O habitus preenche uma função que, em uma outra filosofia, confiamos à consciência transcendental: é um corpo socializado, um corpo estruturado, um corpo que incorporou as estruturas imanentes de um mundo ou de um setor particular

desse mundo, de um campo, e que estrutura tanto a percepção desse mundo como a ação nesse mundo (...) E quando as estruturas incorporadas e as estruturas objetivas estão de acordo, quando a percepção é construída de acordo com as estruturas do que é percebido, tudo parece evidente, tudo parece dado. É a experiência dóxica pela qual atribuímos ao mundo uma crença mais profunda do que todas as crenças (no sentido comum) já que ela não se pensa como uma crença (Bourdieu, 2004, p.144).

Da questão teórica levantada, decorre a problematização da própria natureza do habitus. Assumir uma concepção do habitus como unidade e/ou homogeneidade que gera, portanto, representações, percepções e classificações necessariamente unificadas ou homogêneas, além de torná-lo um objeto externo às práticas sociais, e derivar em uma percepção mecanicista da realidade social, nega o caráter relacional do campo e o sentido inventivo inscrito nas práticas sociais que não podem mais ser percebidas como estratégias, tornando-se fatos sociais em um rígido sentido durkheimiano. Ao contrário, se os habitus são mediadores apropriados diferenciadamente por cada agente, a partir das trajetórias e das correlações de força e necessidades inscritas em situação, abre-se espaço para apropriações demarcadas por interpretações, significações e intervenções diferenciadas e diferenciadoras que compartilham, porém, uma base comum.

Além disso, essa perspectiva abre espaço para afirmar a existência de habitus diferentes em disputa no campo, apesar da pressuposição de aspectos comuns que devem perpassar as diferenças. Dito de outra forma, pode-se falar em disposições sociais que detém uma base comum e aspectos diferenciados, adquirindo importância, principalmente em uma situação de transição no campo, a delimitação do comum e do diverso, daquilo que é compartilhado e daquilo que é divergente. Thiry-Cherques (2006, p. 33) ajuda a compreender o que se entende por disposições sociais:

As disposições não são nem mecânicas, nem determinísticas. São plásticas, flexíveis. Podem ser fortes ou fracas (...) São adquiridas pela interiorização das estruturas sociais. Portadoras da história individual e coletiva, são de tal forma internalizadas que chegamos a ignorar que existem. São as rotinas corporais e mentais inconscientes, que nos permitem agir sem pensar. O produto de uma aprendizagem, de um processo do qual já não temos mais consciência e que se expressa por uma atitude “natural” de nos conduzirmos em um determinado meio.
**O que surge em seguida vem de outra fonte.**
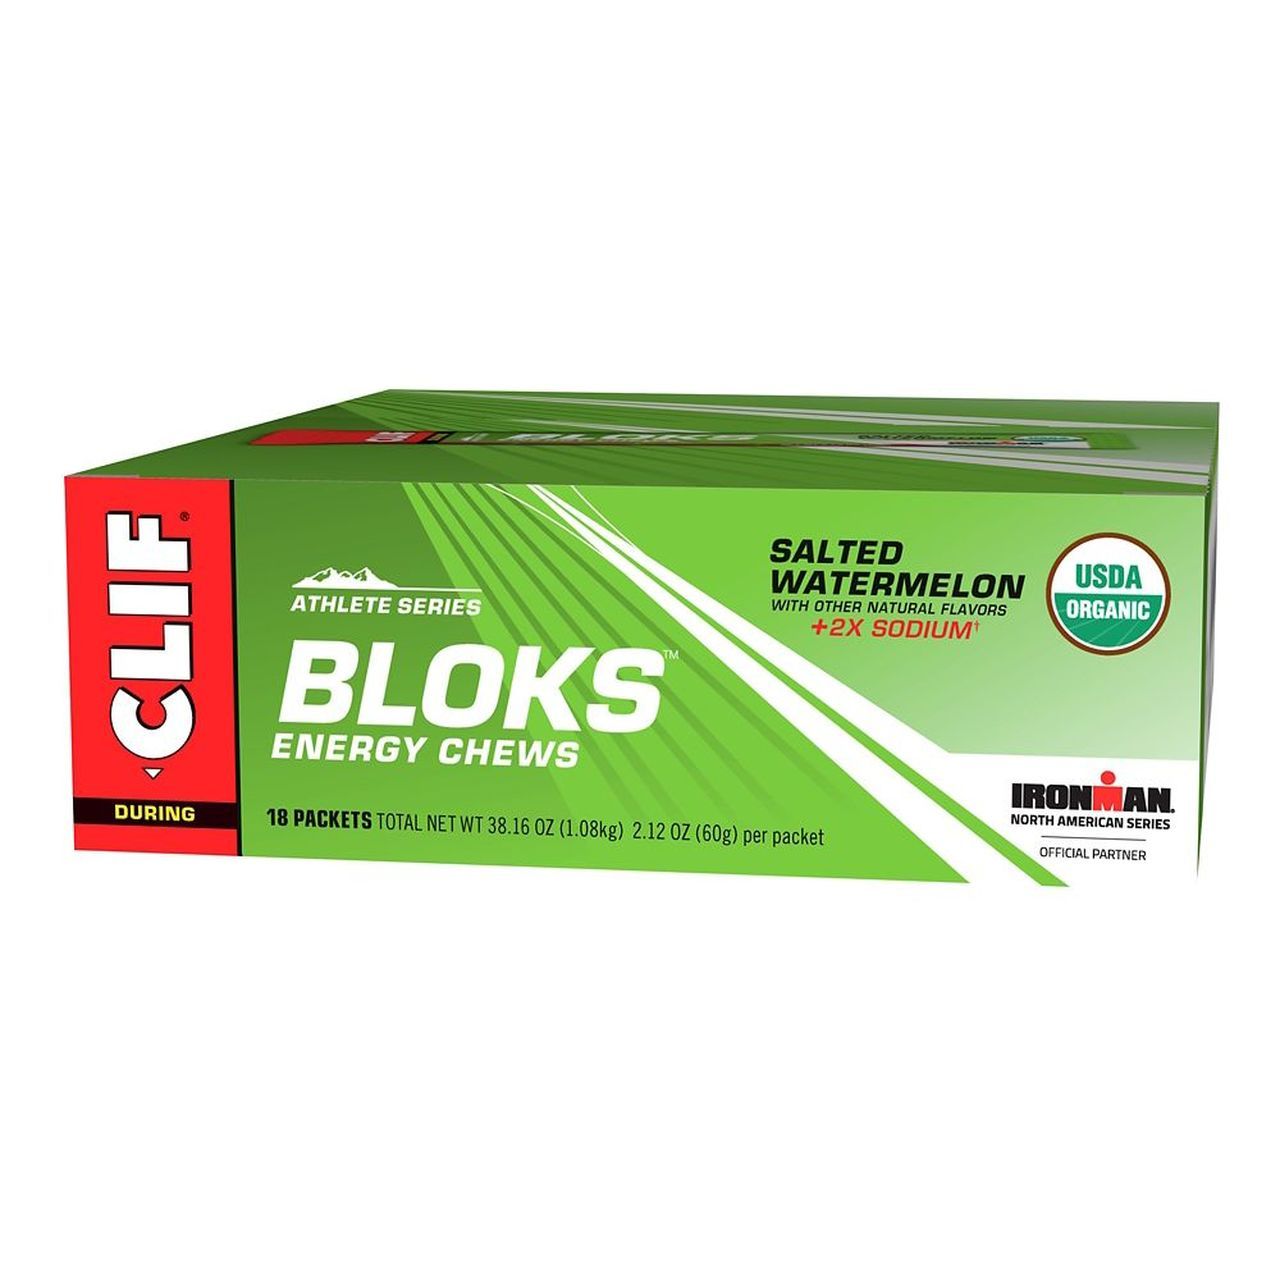 CLIF BLOKS Energy Chews CLIF Salted Watermelon 2.12 Oz-18 Count 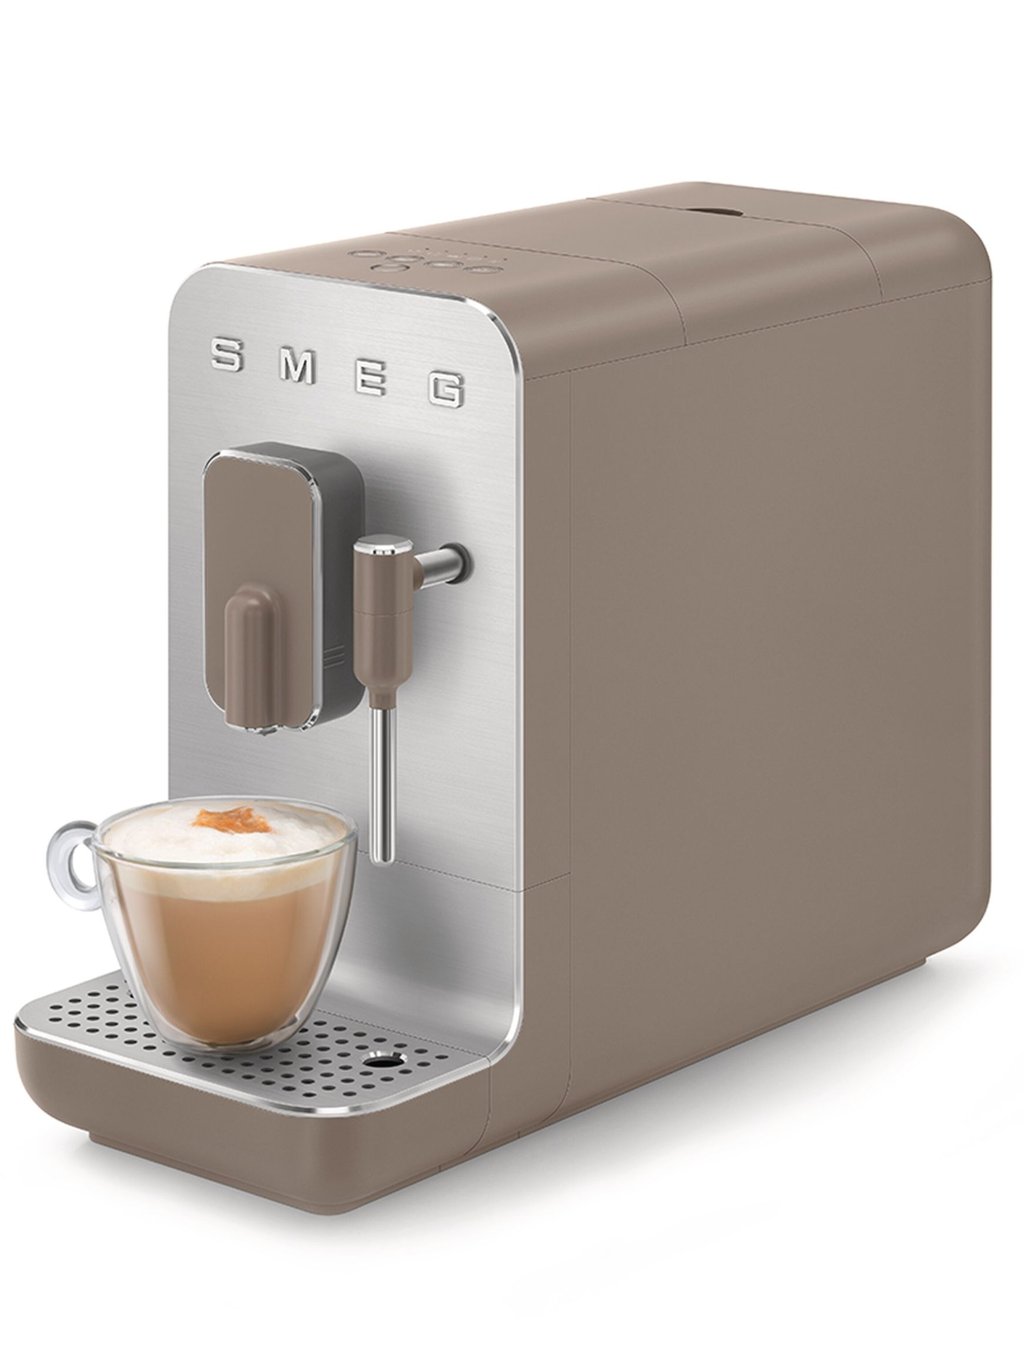 cool-gifts-to-celebrate-her-this-holiday-bean-to-cup-coffee-machine-smeg

Para aprofundar essa reflexão, pode-se pensar, por exemplo, em distintas matrizes de planejamento urbano convivendo em um campo, e nunca de forma estanque ou pura; pensar, também, em conceitos tais como plano diretor, democracia, participação. Existiria um conceito a priori de plano diretor, de democracia ou de participação? Ou existe apenas um conceito que é construído a partir das matrizes, relações e interações inscritas no campo, a

partir dos confrontos e conflitos, das divergências e acordos, dos dissensos e consensos? Ou existem conceitos diferentes e diferenciadamente apropriados pelos agentes sociais? Ao que parece, a resposta a essas questões remete, mais uma vez, à intuição essencial de Bourdieu: a necessária articulação entre objetividade e subjetividade, entre campo e disposições sociais, posto que não existe uma construção, inclusive conceitual, de plano diretor, democracia ou participação somente enquanto uma disputa subjetiva, existe sim um campo de probabilidades, um campo de possíveis, e de restrições, que encontram sua dinâmica através da intervenção concreta de agentes sociais situados estruturalmente e capazes de participar das lutas sociais. Neste sentido, talvez as disposições sociais permitam não somente a cada agente participar do campo e das lutas, mas também instituir reconhecimentos básicos sem os quais as próprias disputas e debates não poderiam ocorrer. As categorias sociais desvelam-se enquanto instrumentos de luta e os habitus constituem/inscrevem e difundem categorias de percepção, de representação e de classificação.